New Jersey municipalities don’t have the authority to keep convicted offenders from living within nearly a half-mile of schools, libraries, parks, playgrounds or day care centers, the state Supreme Court has ruled.
Now at least 118 municipalities that kept offenders from living near schools, day care centers and such will have to wipe those ordinances from the books.
Megan’s Law already protects children from sexual predators by providing information to communities about where they live, the justices agreed.
According to the state Public Defender’s Office, all that local red-lining does is further “restrict already limited housing opportunities” for sex offenders and keep them from being “rehabilitated and reintegrated into the community.”
Some quietly move in with friends or relatives, taking work (if they can get it) that pays under the table.

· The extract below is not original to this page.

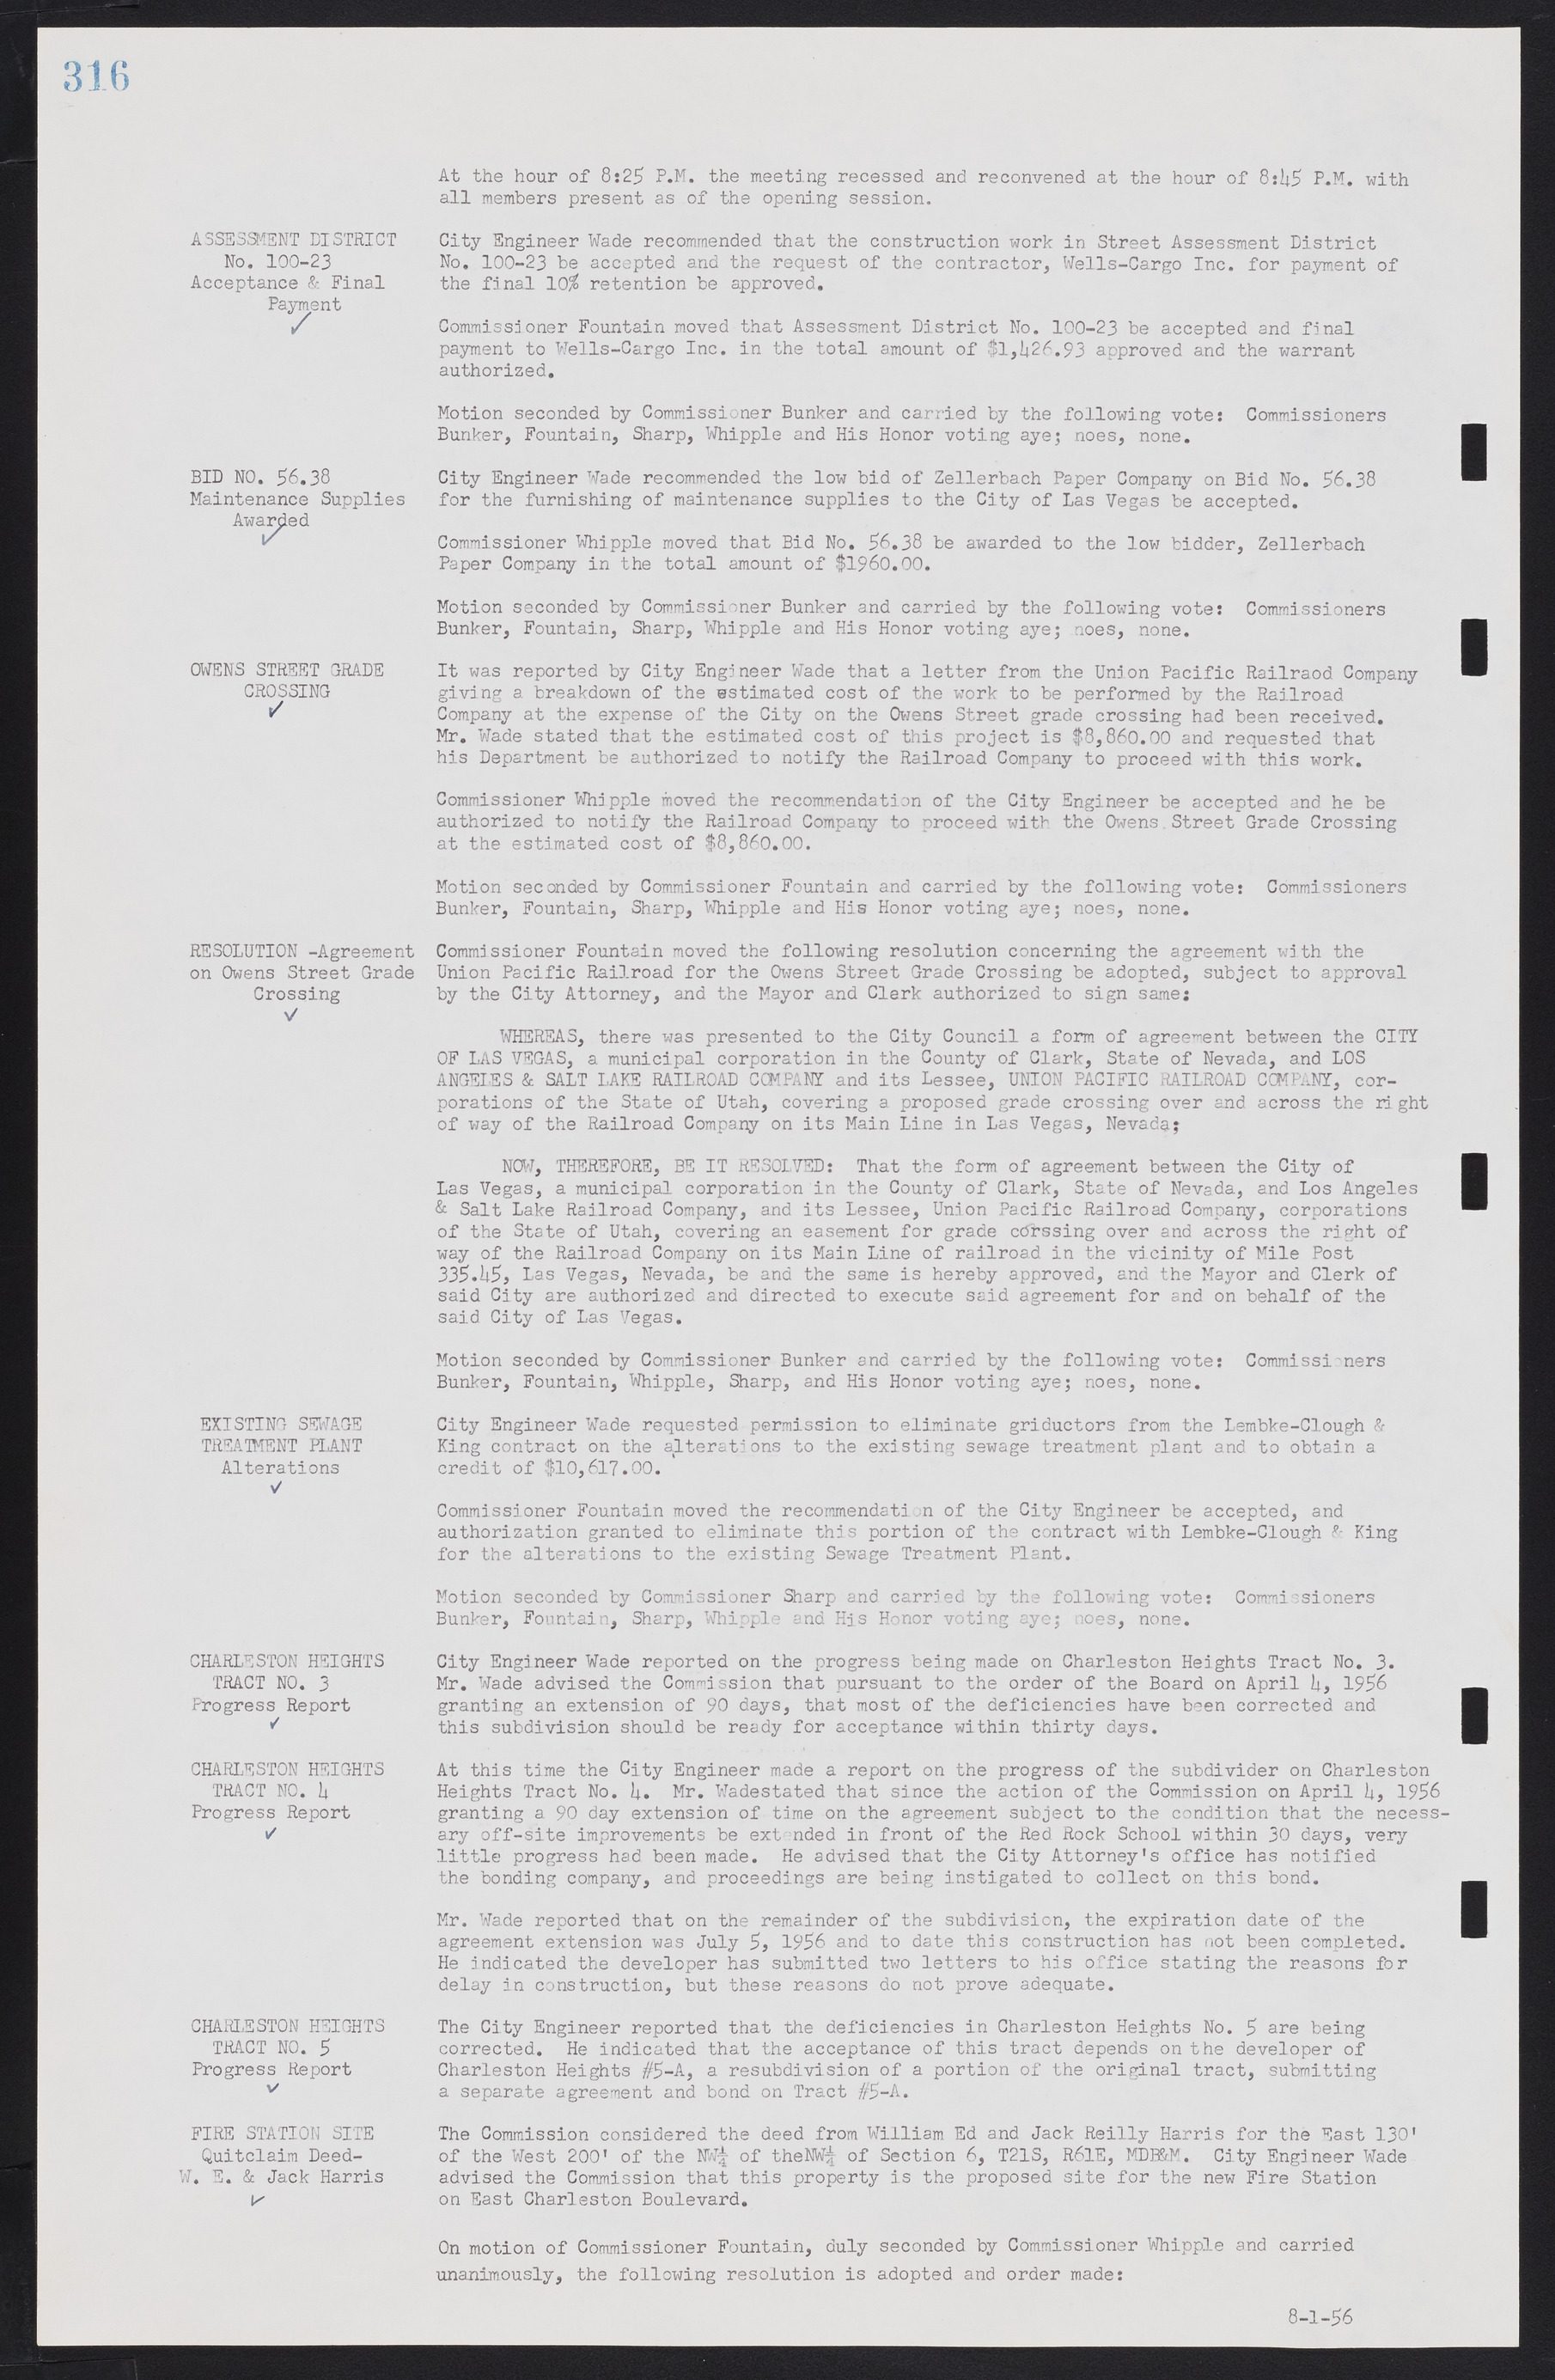 Las Vegas City Commission Minutes, September 21, 1955 to November 20, 1957, lvc000010-336

Other commit other minor violations or petty crimes.
Those most likely to offend go to great lengths to move around or hide themselves within a community, instead of telling authorities where they really live.
Critics say this undermines Megan’s Law, the popular measure that requires convicted sex offenders to register wherever they live so that ordinary citizens know who they are — and where they are. (See: Sex offenders are people, too.)
However, if municipalities want to change the “stark language of Megan’s Law” which keeps them from making their own rules, they should not look to the court for “guidance,” Chief Justice Stuart Rabner wrote in the court’s unanimous ruling.